Inmate Anderson was able to boil water in his cell using a "stinger." (Id. at ¶ 11). When Muhammad returned from work on March 31, 2018, Anderson threw a bucket of boiling water on to Muhammad as he walked into the cell. (Id. at ¶ 12). When the incident occurred, Muhammad had been celled with Anderson for approximately one month. (Id. at ¶ 13). During that month, Muhammad had no issues with Anderson. (Id. at ¶ 14).
A corrections officer witnessed the assault and immediately subdued Anderson. (Id. at ¶ 15). Muhammad was immediately taken to medical. (Id. at ¶ 16). Approximately thirty to forty-five minutes after his arrival at the medical department, Muhammad was given Motrin. (Id. at ¶ 18). After approximately one hour in the medical department, a white, cold balm was applied to Muhammad's burns. (Id. at ¶ 17). Muhammad was in the infirmary for "a while" but does not recall exactly how long. (Id. at ¶ 19). After being released from the infirmary, Muhammad visited the infirmary once or twice a day to receive treatments for his burns, consisting of coating his neck and face with the salve. (Id. at ¶ 20). Muhammad was treated by a male nurse, a female doctor identified as "Dr. G," and nurse Susan. (Id. at ¶ 21).
II. Legal Standard
Through summary adjudication, the court may dispose of those claims that do not present a "genuine dispute as to any material fact." FED. R. CIV. P. 56(a). "As to materiality, . . . [o]nly disputes over facts that might affect the outcome of the suit under the governing law will properly preclude the entry of summary judgment." Anderson v. Liberty Lobby, Inc., 477 U.S. 242, 248 (1986).
The party moving for summary judgment bears the burden of showing the absence of a genuine issue as to any material fact. Celotex Corp. v. Catrett, 477 U.S. 317, 323, 106 S.Ct. 2548, 91 L.Ed.2d 265 (1986). Once such a showing has been made, the non-moving party must offer specific facts contradicting those averred by the movant to establish a genuine issue of material fact. Lujan v. Nat'l Wildlife Fed'n, 497 U.S. 871, 888 (1990). Therefore, the non-moving party may not oppose summary judgment simply on the basis of the pleadings, or on conclusory statements that a factual issue exists. Anderson, 477 U.S. at 248. "A party asserting that a fact cannot be or is genuinely disputed must support the assertion by citing to particular parts of materials in the record . . . or showing that the materials cited do not establish the absence or presence of a genuine dispute, or that an adverse party cannot produce admissible evidence to support the fact." FED. R. CIV. P. 56(c)(1)(A)-(B). In evaluating whether summary judgment should be granted, "[t]he court need consider only the cited materials, but it may consider other materials in the record." FED. R. CIV. P. 56(c)(3). "Inferences should be drawn in the light most favorable to the non-moving party, and where the non-moving party's evidence contradicts the movant's, then the non-movant's must be taken as true." Big Apple BMW, Inc. v. BMW of N. Am., Inc., 974 F.2d 1358, 1363 (3d Cir.1992), cert. denied 507 U.S. 912 (1993).
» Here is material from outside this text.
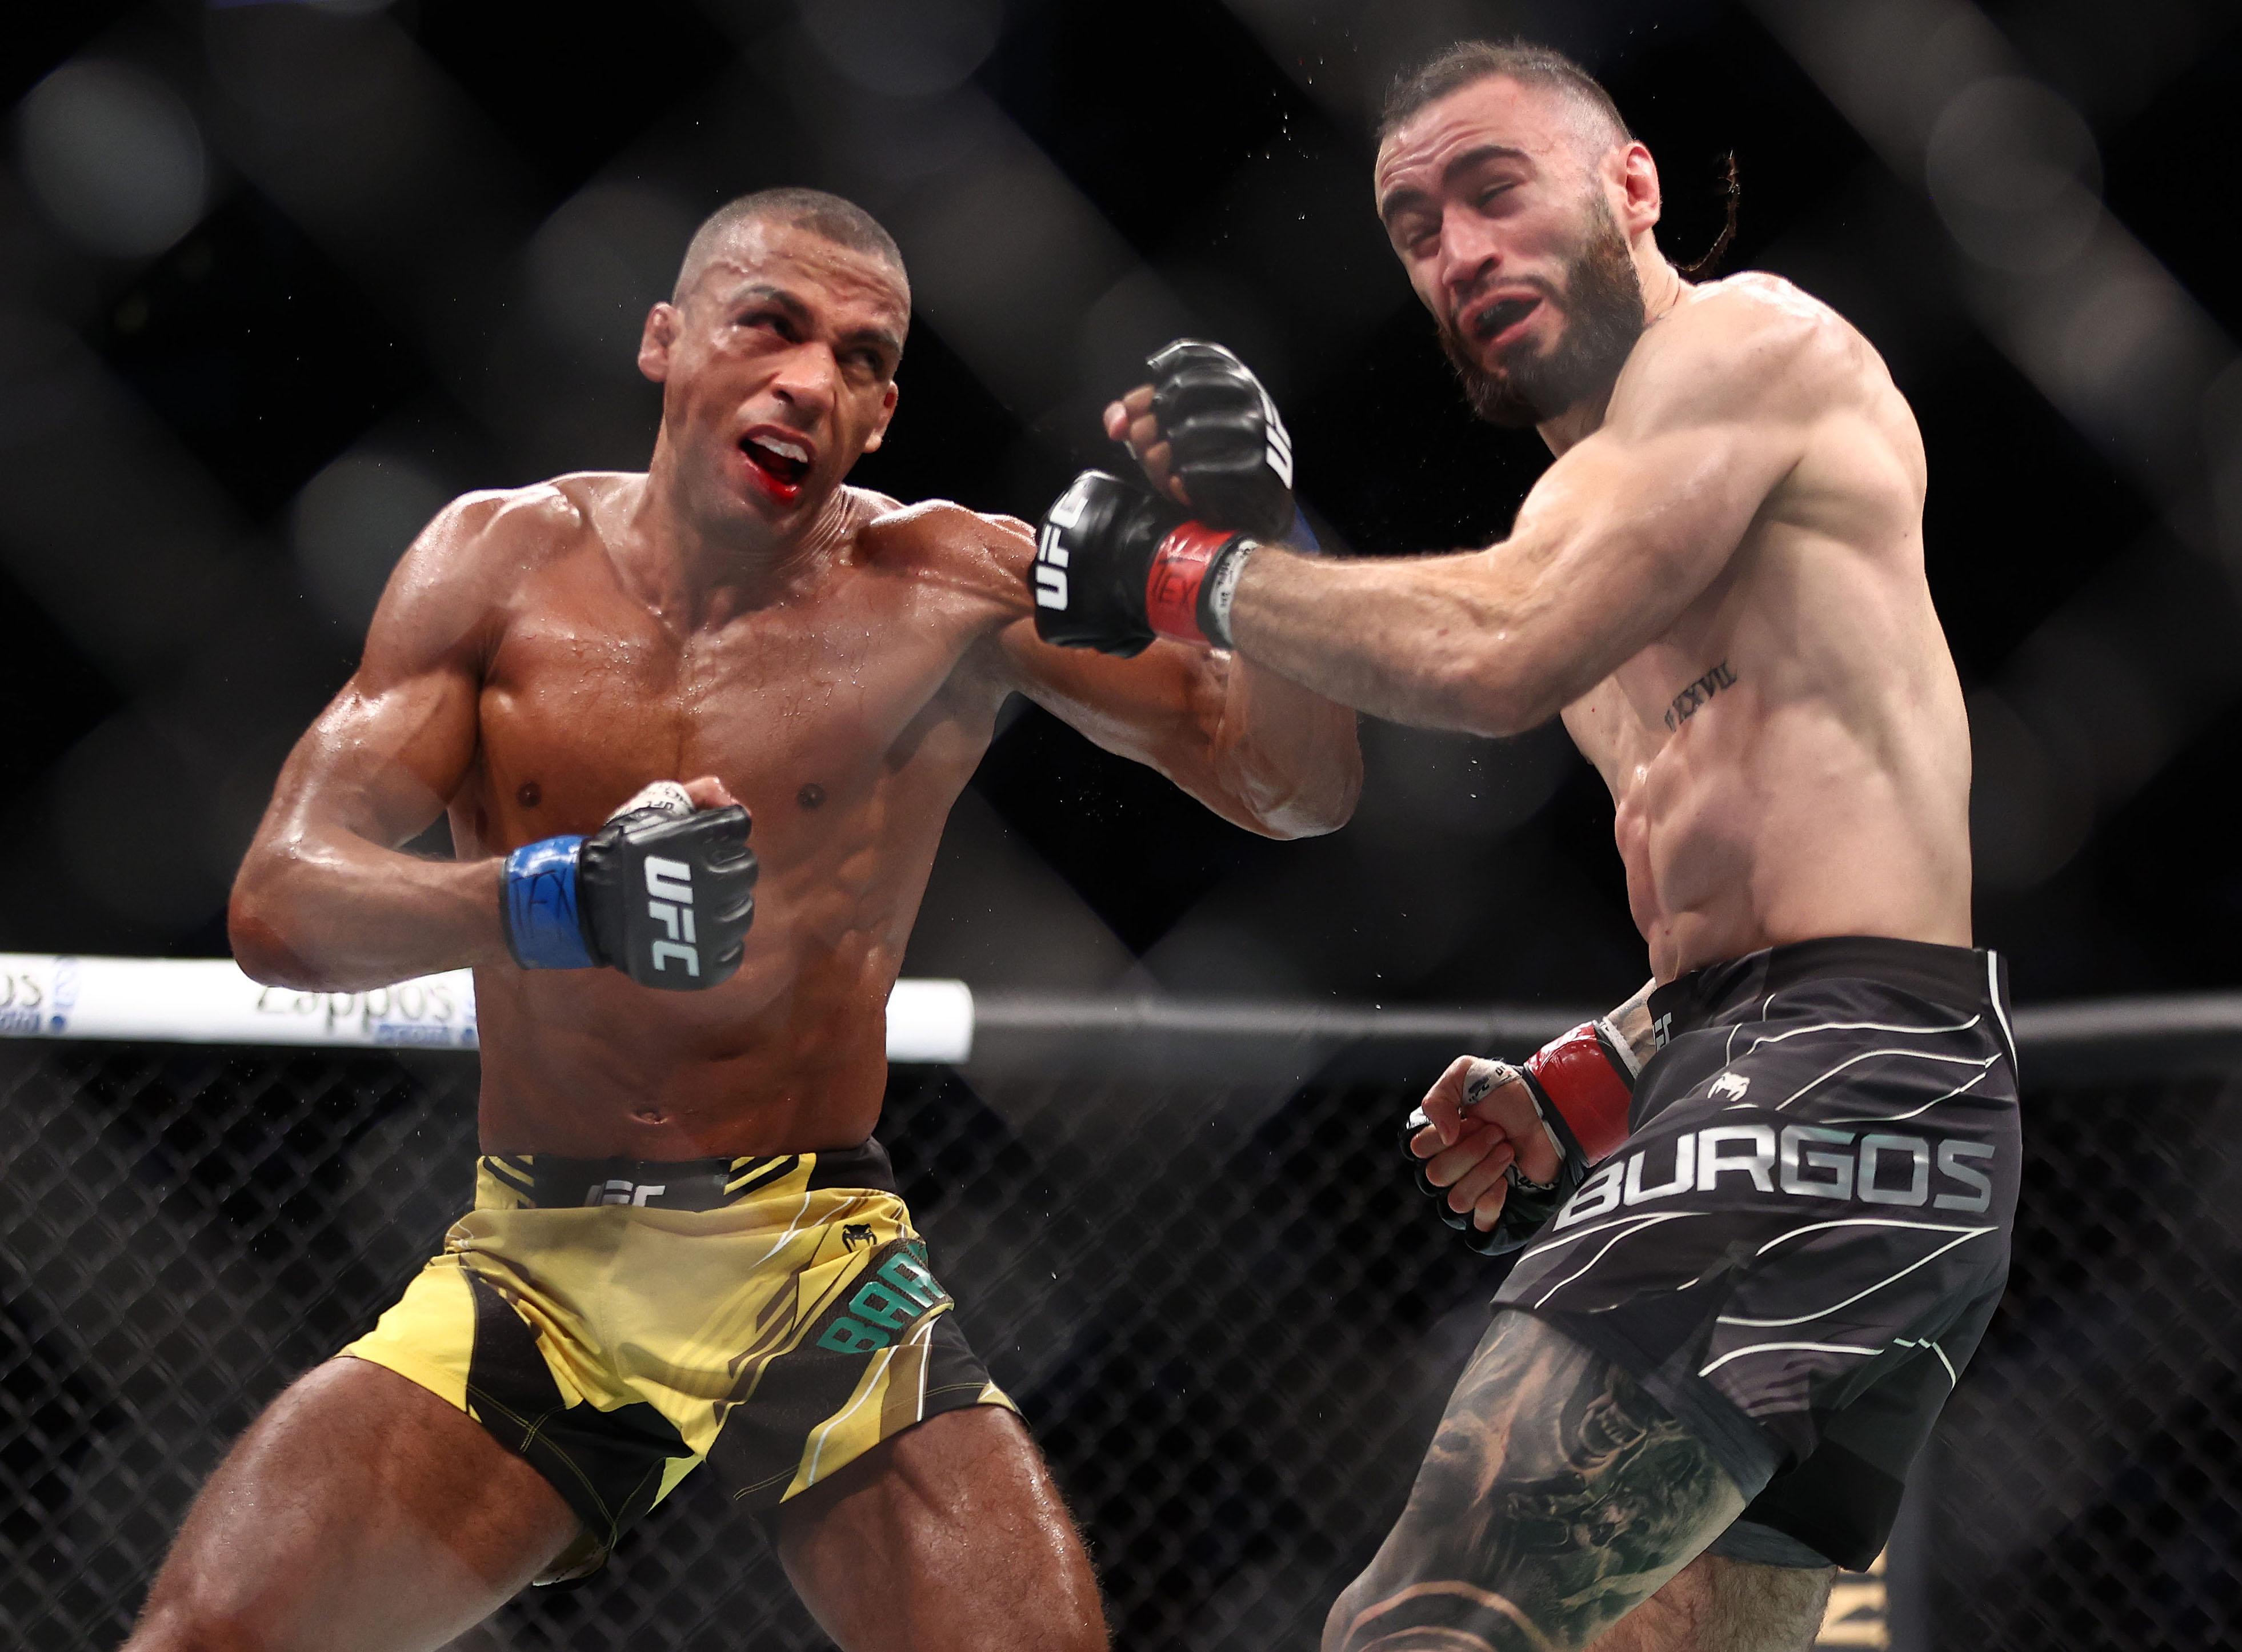 爱游戏app下载的游戏不能玩MMA:UFC 262布尔戈斯对巴博萨

However, "facts must be viewed in the light most favorable to the nonmoving party only if there is a 'genuine' dispute as to those facts." Scott v. Harris, 550 U.S. 372, 380, 127 S. Ct. 1769, 1776, 167 L. Ed. 2d 686 (2007). If a party has carried its burden under the summary judgment rule,
its opponent must do more than simply show that there is some metaphysical doubt as to the material facts. Where the record taken as a whole could not lead a rational trier of fact to find for the nonmoving party, there is no genuine issue for trial. The mere existence of some alleged factual dispute between the parties will not defeat an otherwise properly supported motion for summary judgment; the requirement is that there be no genuine issue of material fact. When opposing parties tell two different stories, one of which is blatantly contradicted by the record, so that no reasonable jury could believe it, a court should not adopt that version of the facts for purposes of ruling on a motion for summary judgment.Id. (internal quotations, citations, and alterations omitted).
"The rule is no different where there are cross-motions for summary judgment." Lawrence v. City of Philadelphia, 527 F.3d 299, 310 (3d Cir. 2008). Cross-motions are no more than a claim by each side that it alone is entitled to summary judgment, and the making of such inherently contradictory claims does not constitute an agreement that if one is rejected the other is necessarily justified or that the losing party waives judicial consideration and determination whether genuine issues of material fact exist. Rains v. Cascade Indus., Inc., 402 F.2d 241, 245 (3d Cir. 1968). Thus, "when presented with cross[-]motions for summary judgment, the Court must consider the motions separately, and view the evidence presented for each motion in the light most favorable to the nonmoving party." Borrell v. Bloomsburg Univ., 63 F. Supp. 3d 418, 433 (M.D. Pa. 2014) (citations omitted). "[E]ach movant must demonstrate that no genuine issue of material fact exists; if both parties fail to carry their respective burdens, the court must deny [both] motions." Quarles v. Palakovich, 736 F. Supp. 2d 941, 946 (M.D. Pa. 2010) (citing Facenda v. N.F.L. Films, Inc., 542 F.3d 1007, 1023 (3d Cir. 2008)).
III. Discussion
A. Failure to Protect Claim against Defendant Mahally
It is well-settled that "'[b]eing violently assaulted in prison is simply not part of the penalty that criminal offenders pay for their offenses against society.' As such, the Eighth Amendment's Cruel and Unusual Punishments Clause imposes on prison officials 'a duty to protect prisoners from violence at the hands of other prisoners.'" Bistrian v. Levi, 696 F.3d 352, 366-67 (3d Cir. 2012) (quoting Farmer v. Brennan, 511 U.S. 825, 833, 834 (1994); and citing Beers-Capitol v. Whetzel, 256 F.3d 120, 130-33 (3d Cir. 2001); Hamilton v. Leavy, 117 F.3d 742, 746 (3d Cir. 1997)).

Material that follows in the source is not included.